For the first time in 12 months, Australia's residential rental vacancy rate has lifted. SQM Research's 12 May 2026 bulletin shows the national rate rose from 1.0% in March to 1.2% in April, a 20-basis-point shift that adds 3,526 dwellings to the available rental stock nationally. It is the first material monthly rise in the headline rate since early 2025.
At face value, the move looks small. In context, it is the cleanest directional shift the rental market has produced in over a year — and it has arrived precisely as the Federal Budget reshaping investor tax policy was being handed down. SQM's managing director Louis Christopher framed the moment plainly in the bulletin:
"With regard to the impending property tax changes, we have previously done rigorous modelling on a pullback of negative gearing scenario. While I have no doubt in my mind this change is going to put additional pressure on the rental market, the time for talking is now over. We will soon see actual data come through."
This piece reads the 12 May bulletin three ways — month-on-month, year-on-year, and against the decade-long baseline — then walks through the city-by-city picture, reconciles the data against the recent Cotality, NAB and Domain releases, and sets out what each cohort of investor should take from the print. We covered the March SQM data, which showed national vacancy at 1.0%, in our April 16 analysis.
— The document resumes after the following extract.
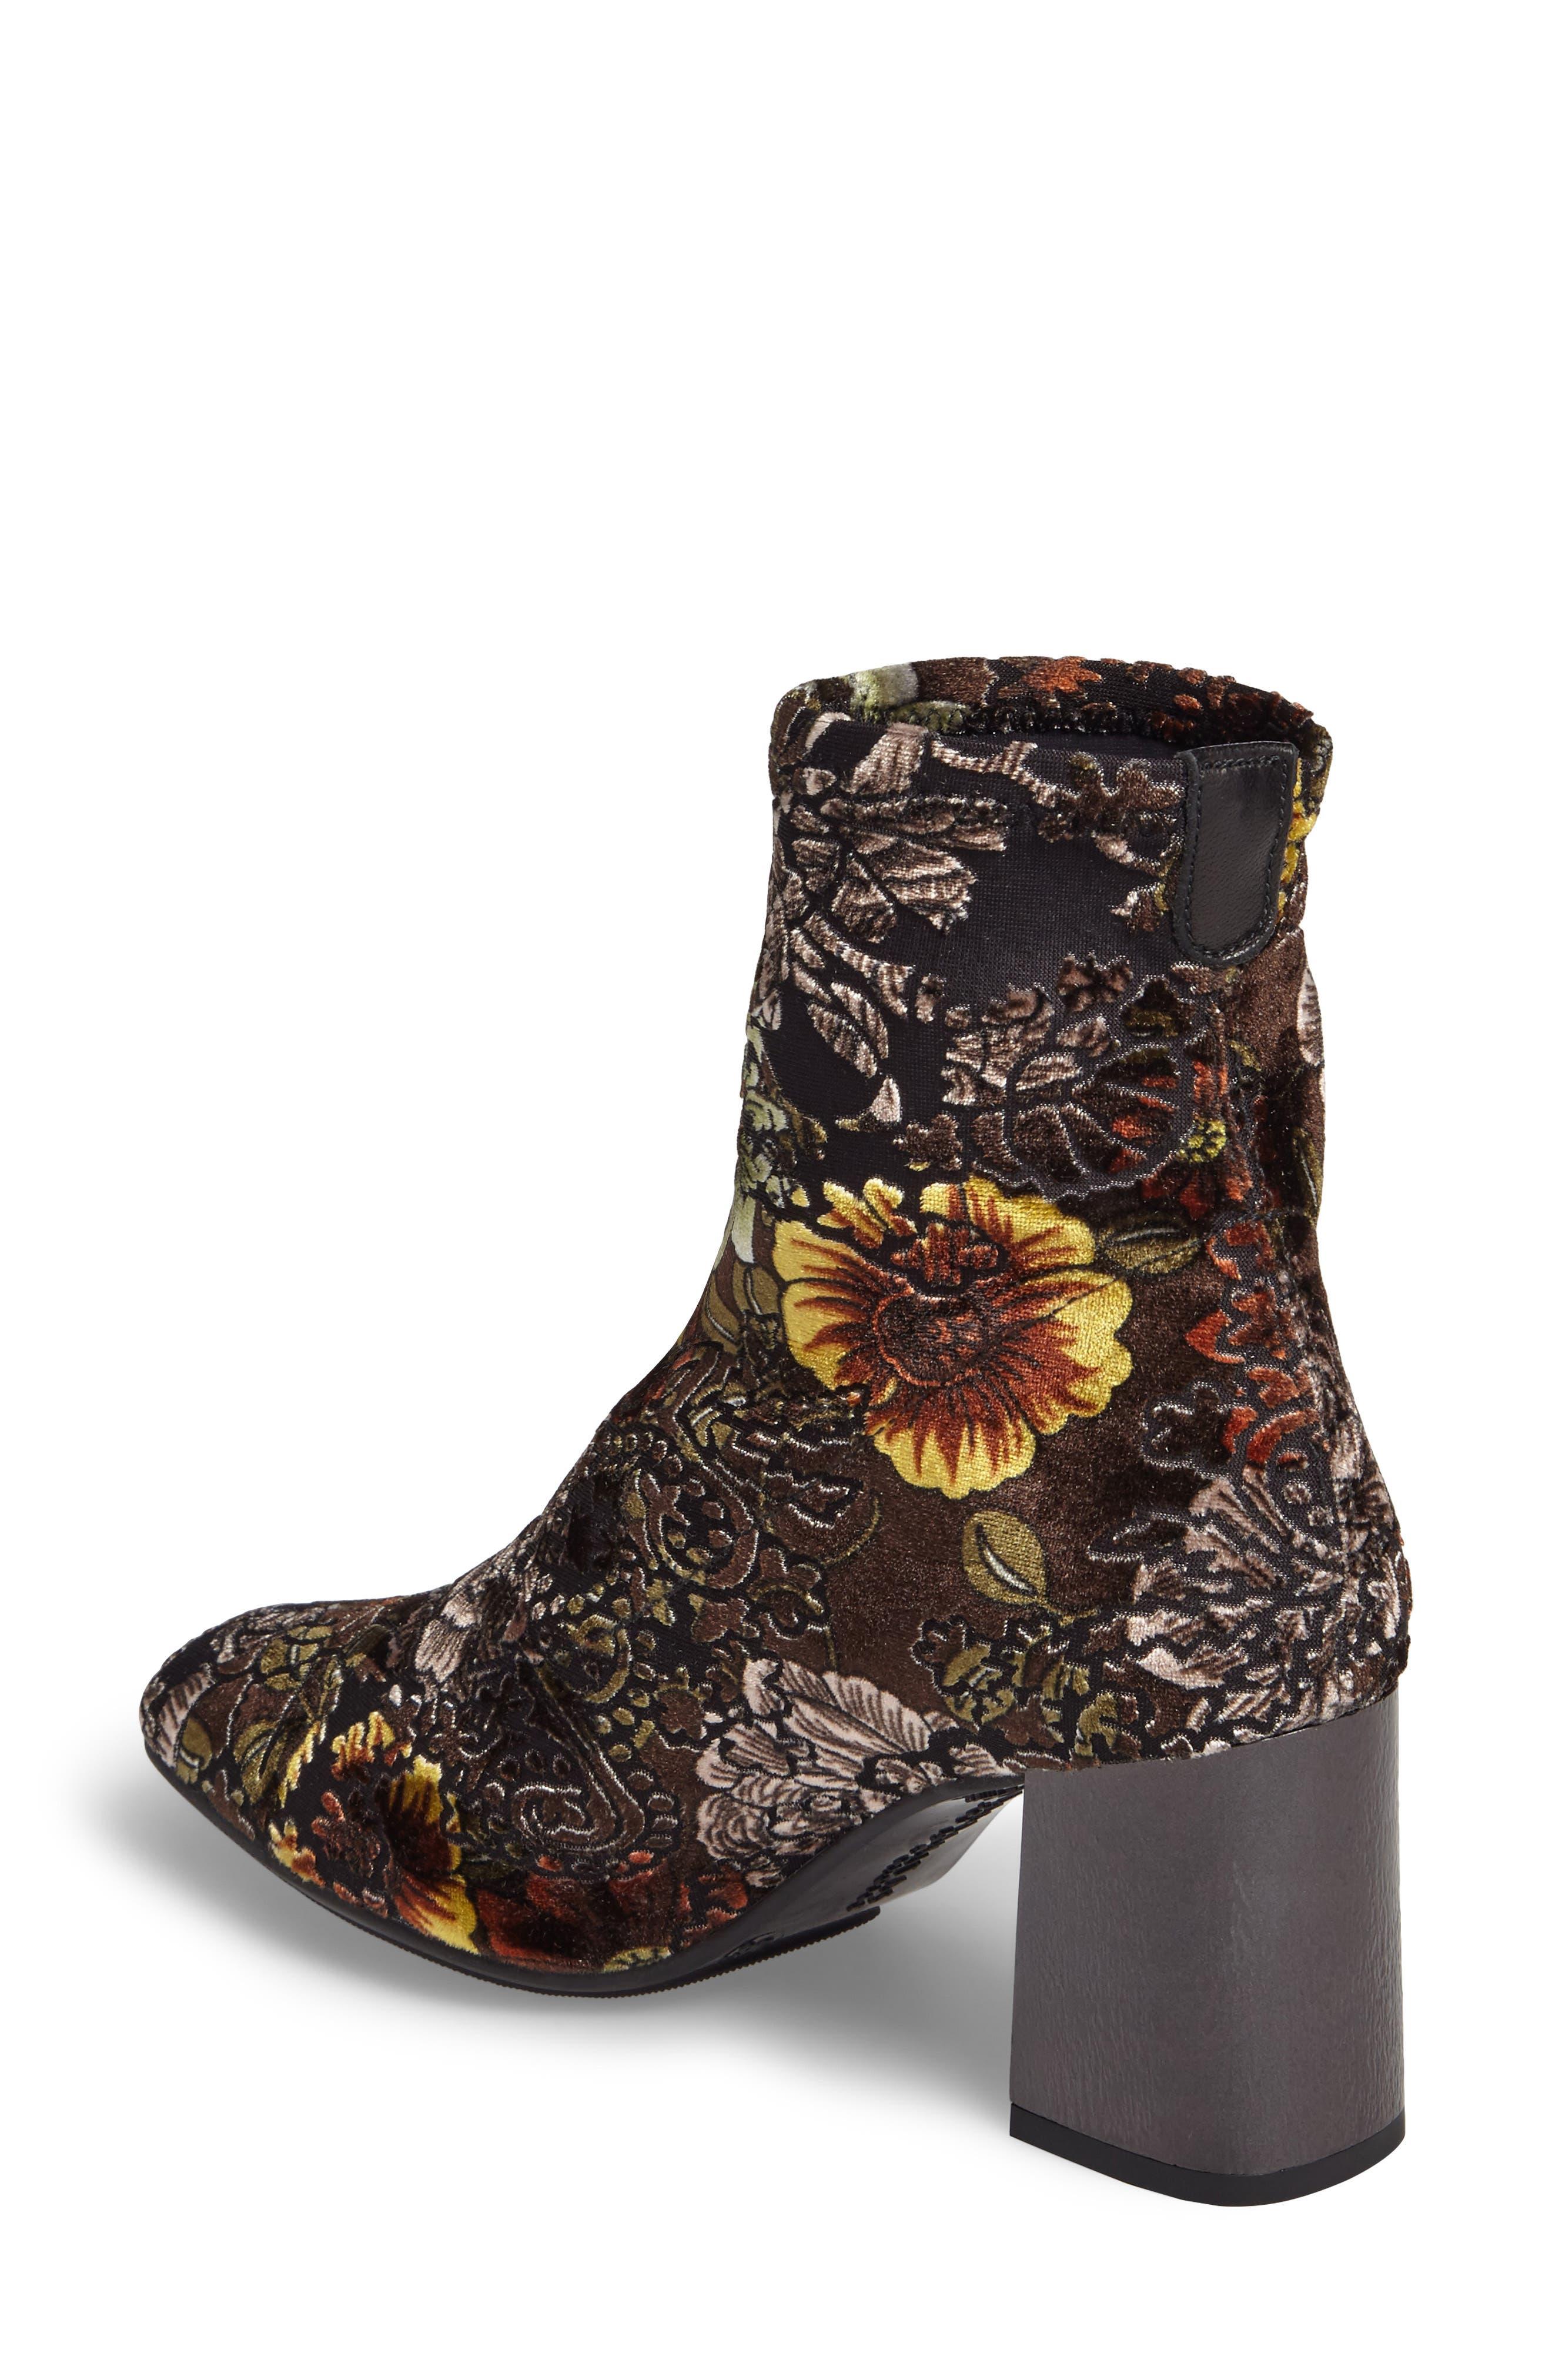 HISPANITAS, Portia Floral Stretch Velvet Bootie, Alternate thumbnail 2, color, CARAVAGGIO FABRIC

This is the directional follow-on: the first crack in the wall, but the wall is still standing.
At a Glance
- National vacancy rate: 1.2% in April 2026, up from 1.0% in March (SQM Research, 12 May 2026 release)
- Advertised available dwellings: 35,258 nationally, up from 31,732
- YoY comparison: still tighter than April 2025 (1.3% / 39,378 dwellings)
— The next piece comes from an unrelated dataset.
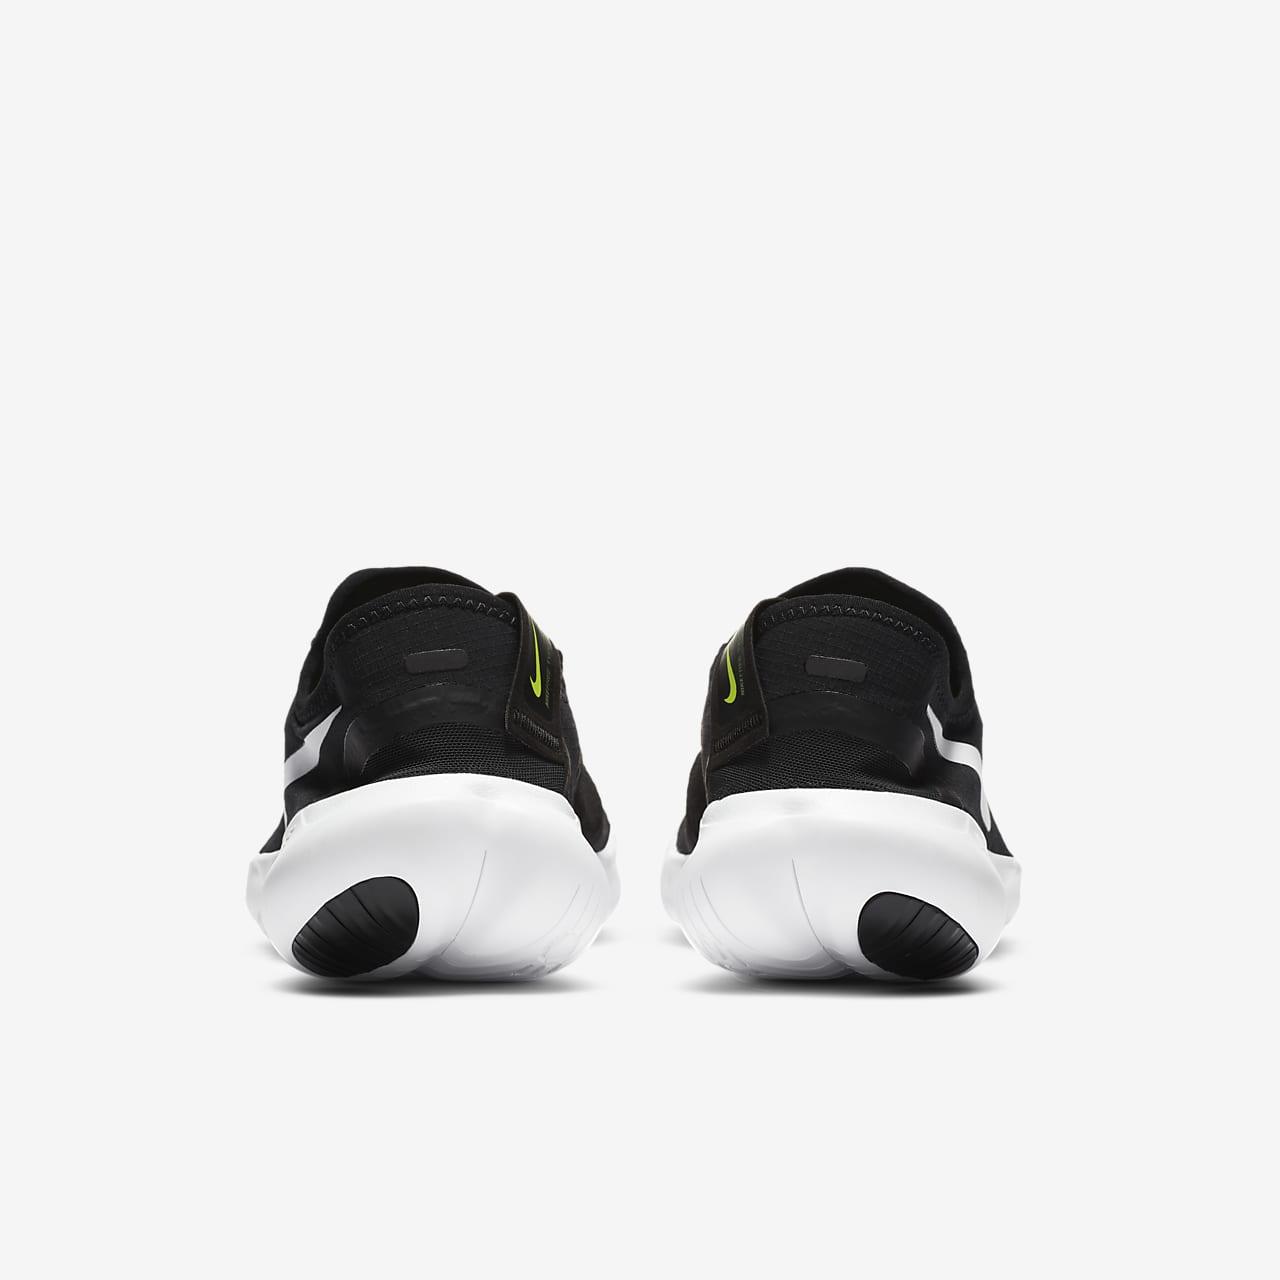 Nike · Free RN 5.0 férfi futócipő Férfiak

- Tightest capital: Darwin at 0.3%, just 75 vacant dwellings in the entire city
- Highest capital: Melbourne at 1.5%
- National combined asking rent average: $696.94/week; capital city combined: $794.54/week
- National asking rent growth: +7.3% YoY, +0.7% over 30 days
- SQM's 2026 rent forecast: 2–4% growth (Christopher) — implying meaningful moderation from current trajectory
1. The Headline Numbers, Read Three Ways
A single data point can be read several ways, and the right reading depends on what question the investor is trying to answer.
Month-on-month: the first rise in a year
The headline number: 1.0% in March, 1.2% in April. A 20-basis-point rise across 30 days. The absolute dwelling count moved from 31,732 vacancies nationally to 35,258 — an additional 3,526 dwellings sitting empty for more than three weeks of advertised listing.
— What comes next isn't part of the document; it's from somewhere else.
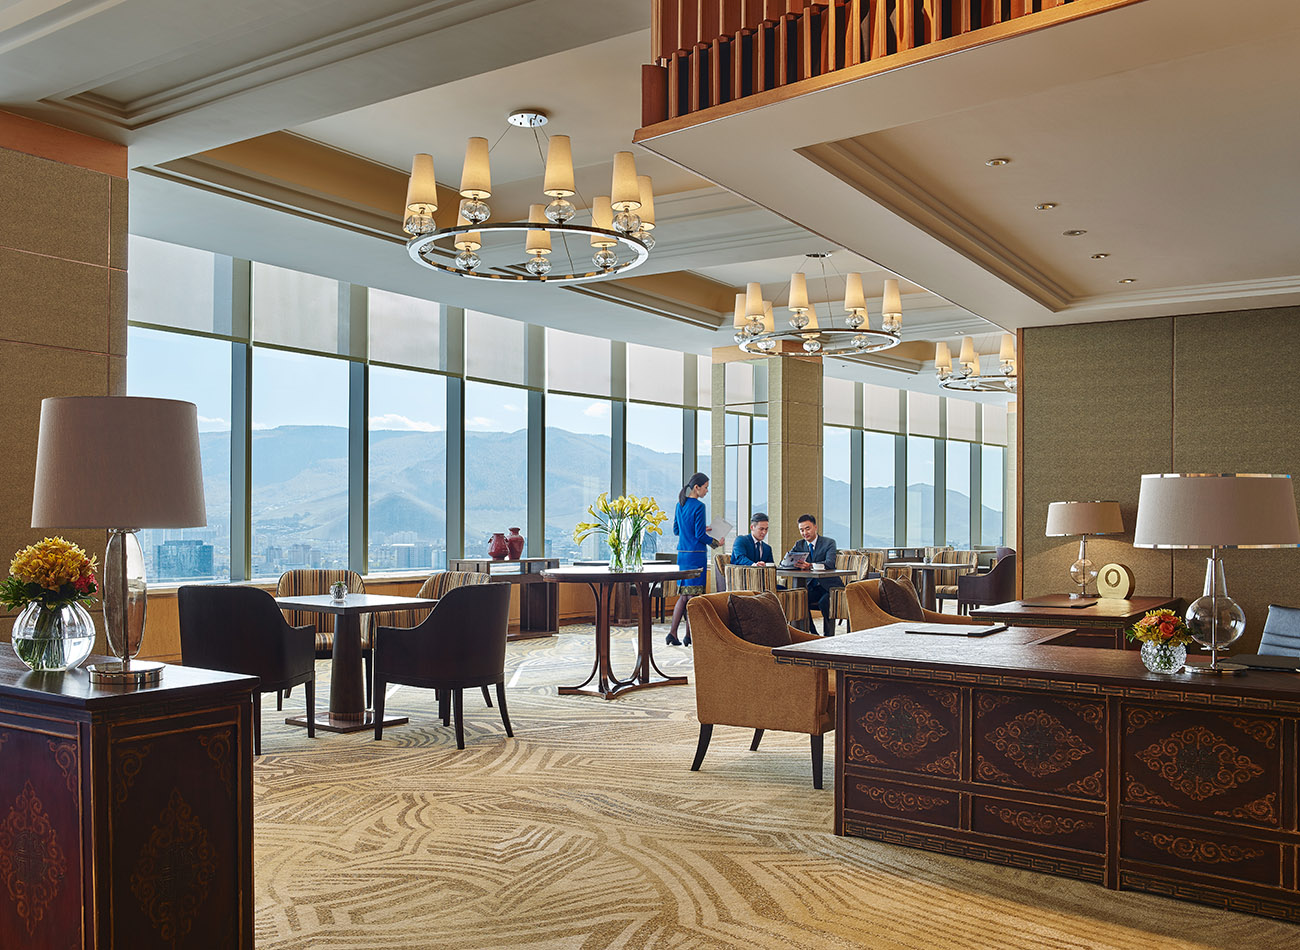 Shangri-La Ulaanbaatar Horizon Club Lounge, Mongolia

Three months ago, the SQM print rolled in below 1.1% nationally, and the language from rental analysts and property economists was almost uniformly about "deepening crisis." This month, the same dataset shifted enough to produce the first directional reversal in the trend since 2025. The cause is partly seasonal — April typically sees a small rise in listings as autumn leases roll over and university-student rental demand transitions. But the seasonal component does not explain the full move; Adelaide and Perth, where the cycle is least seasonal, also showed marginal vacancy increases. Something more structural is at work.
Year-on-year: still tightening
The April 2025 to April 2026 comparison cuts the other way. A year ago, the national vacancy rate stood at 1.3% with 39,378 vacant dwellings. Today it sits at 1.2% with 35,258 vacant dwellings. Despite a larger total rental stock now versus then — completions have been adding inventory throughout 2025 — there are 4,120 fewer vacant dwellings year-on-year.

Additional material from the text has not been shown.